Density of points on a circle Given a circle with radius 1.
Take an arbitrary starting point.
Then go around the circle an infinite number of times, always drawing a point when you are one unit further.  So the next point is always an arc length 1 step further.
Easy to prove that all points will be different! But my question is: is each point randomly close approached? I believe this is true, but I can’t prove it!
 A: As mentioned in the comments, this has to do with $\pi$ being irrational. Let's assume that, and go on to prove that you'll end up arbitrarily close to any given point on the circle.
Represent the circle as the interval $[0,2\pi)$ -- basically, a point is represented by how far counterclockwise you have to go from your starting point to get there. In your process, you're starting at $0$ and adding $1$ to your location every step, and when the location becomes greater than $2\pi$, you subtract $2\pi$ so that it lies between $0$ and $2\pi$.
Assume that there's some $0\leq x<2\pi$ and some $\epsilon>0$ for which no point in the interval $(x-\epsilon,x+\epsilon)$ is ever reached. Now, consider the first
$$n=\left\lceil \frac{\pi}{\epsilon}\right\rceil$$
steps, and say the locations reached (including the starting point $0$) are
$$0=x_0<x_1<x_2<\cdots<x_n<2\pi$$
(note that $x_i$ is not the location after $i$ steps, but the $i$th smallest location in $(0,2\pi)$ that you reach). Since they're all in $[0,2\pi)$, there can't be a distance of greater than $2\epsilon$ between each pair -- otherwise,
$$2\pi>x_n=(x_n-x_{n-1})+(x_{n-1}-x_{n-2})+\cdots+(x_2-x_1)+(x_1-x_0)\geq 2n\epsilon\geq 2\pi.$$
So, there must be some integers $a<b<n$ for which the $a$th step and the $b$th step are very close to each other -- within $2\epsilon$. So, the $(b-a)$th step is within $2\epsilon$ of $0$, since going $b-a$ units forward from the $a$th location gets you to a point within $2\epsilon$ of the $a$th location.

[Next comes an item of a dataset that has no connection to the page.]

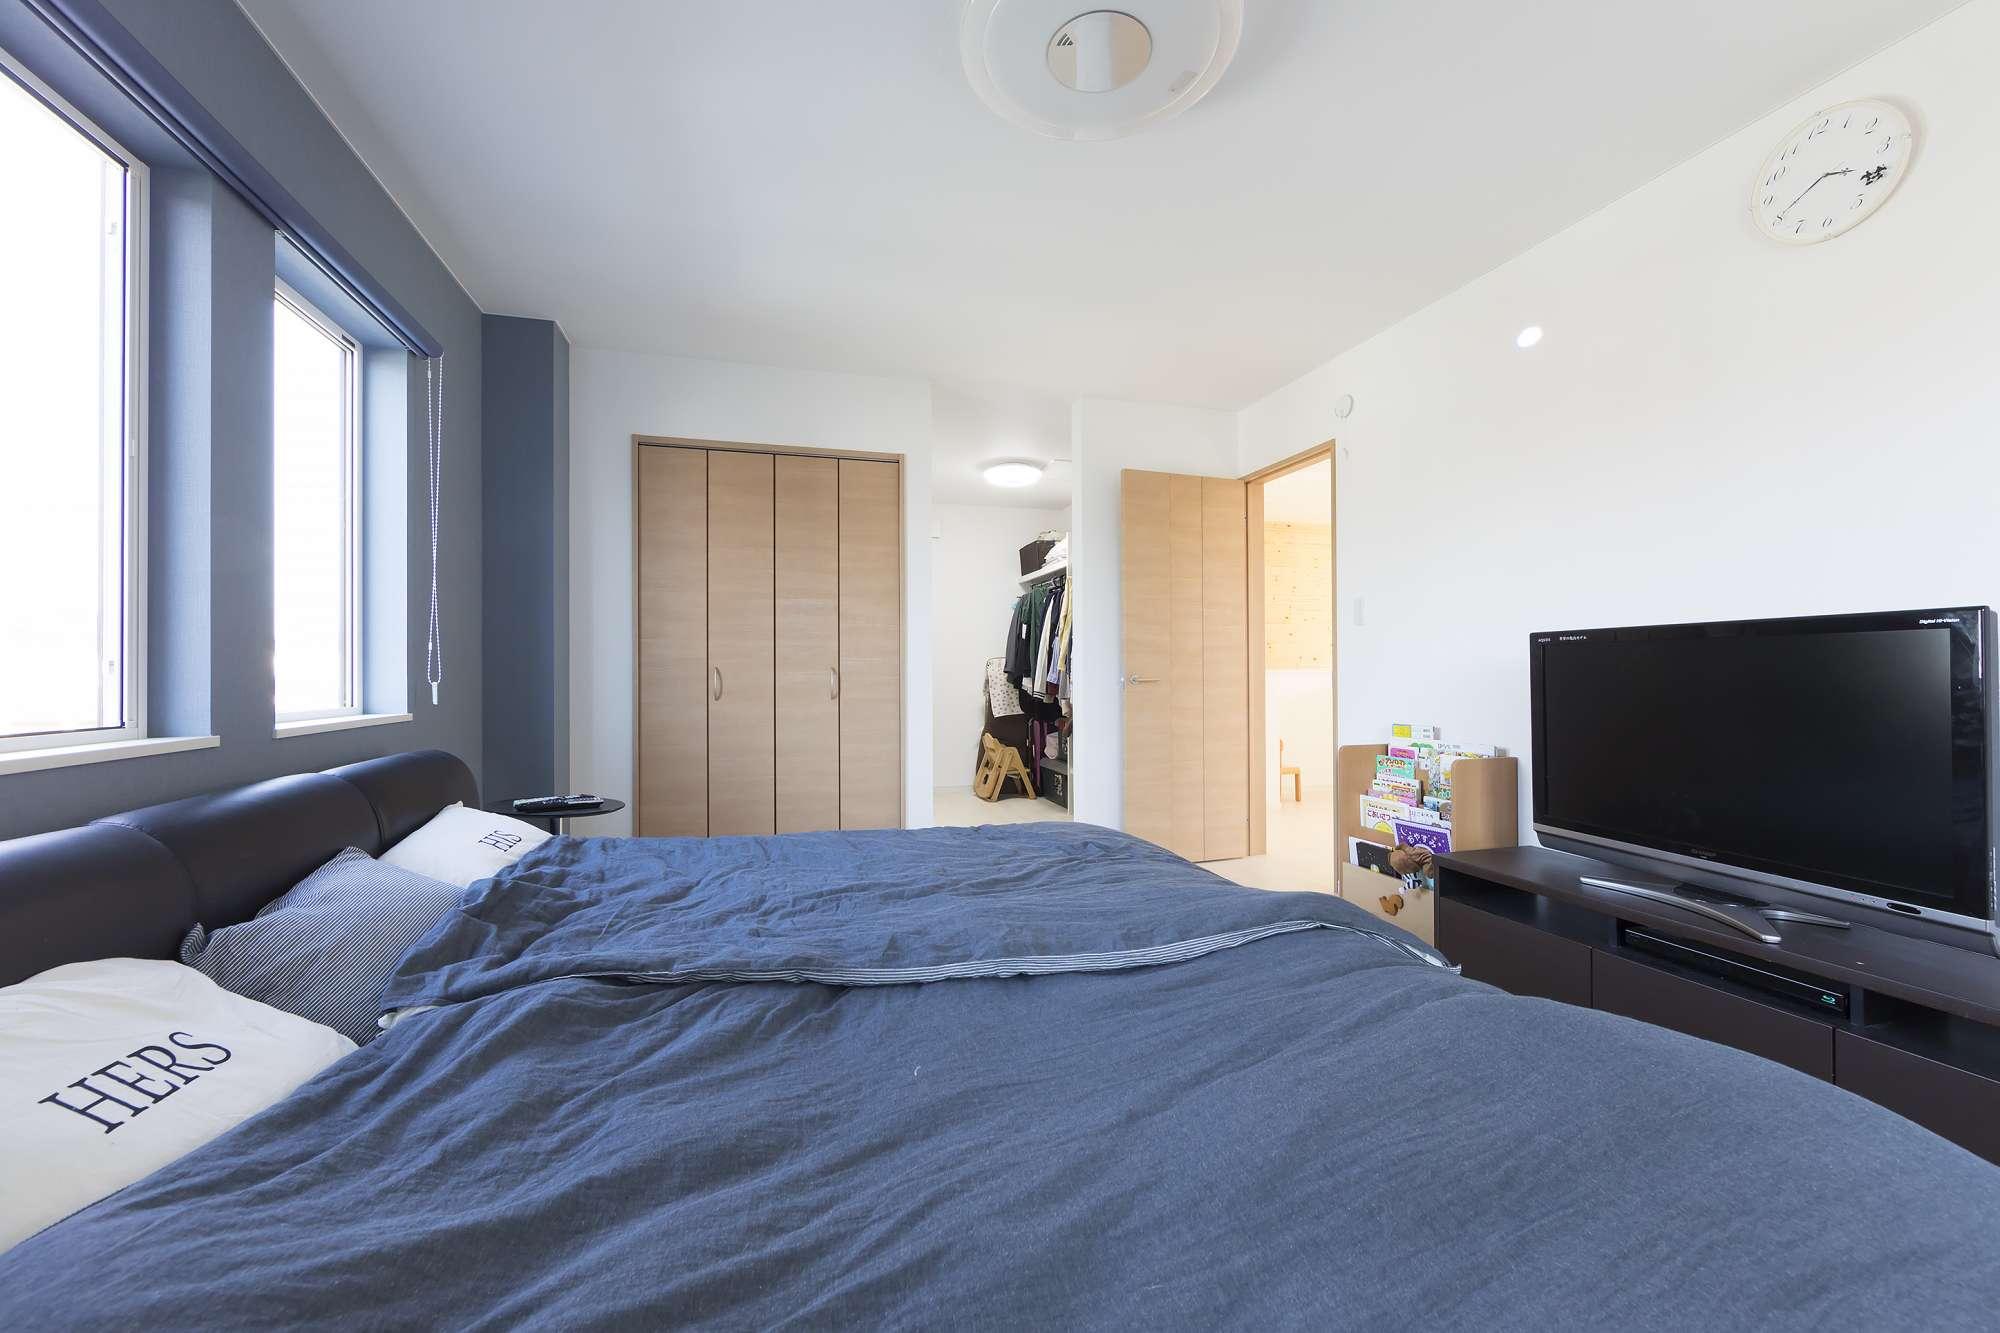 寝室 - 寝室のウォークインクロゼットには服や小物、旅行カバンも収納できて、目的のモノを取り出しやすいワードローブつき。ブルーのアクセントクロスで、落ち着いた印象に。 -  -

Let this location be $\delta$ units away from $0$, so it is either $\delta$ or $2\pi-\delta$.
Finally, consider the points reached after $k(b-a)$ steps for various integers $k$. As you add $1$ to $k$, this point moves $\delta$ units around the circle, either clockwise (if the $b-a$th location is $\delta$ units clockwise from $0$) or counterclockwise (if it's counterclockwise from $0$). Because $\delta<2\epsilon$, you can't ever "jump over" the interval $(x-\epsilon,x+\epsilon)$ in this way -- you'll hit some point inside it at step $k(b-a)$ for some integer $k$. So, there is some step that drops you in $(x-\epsilon,x+\epsilon)$, as desired.
Note: This proof is quite similar to a proof of Dirichlet's approximation theorem, which states that irrational numbers are rather well-approximated by rational numbers. Rational approximation, specifically how well certain classes of numbers can be approximated by rationals, is a very deep area of mathematics!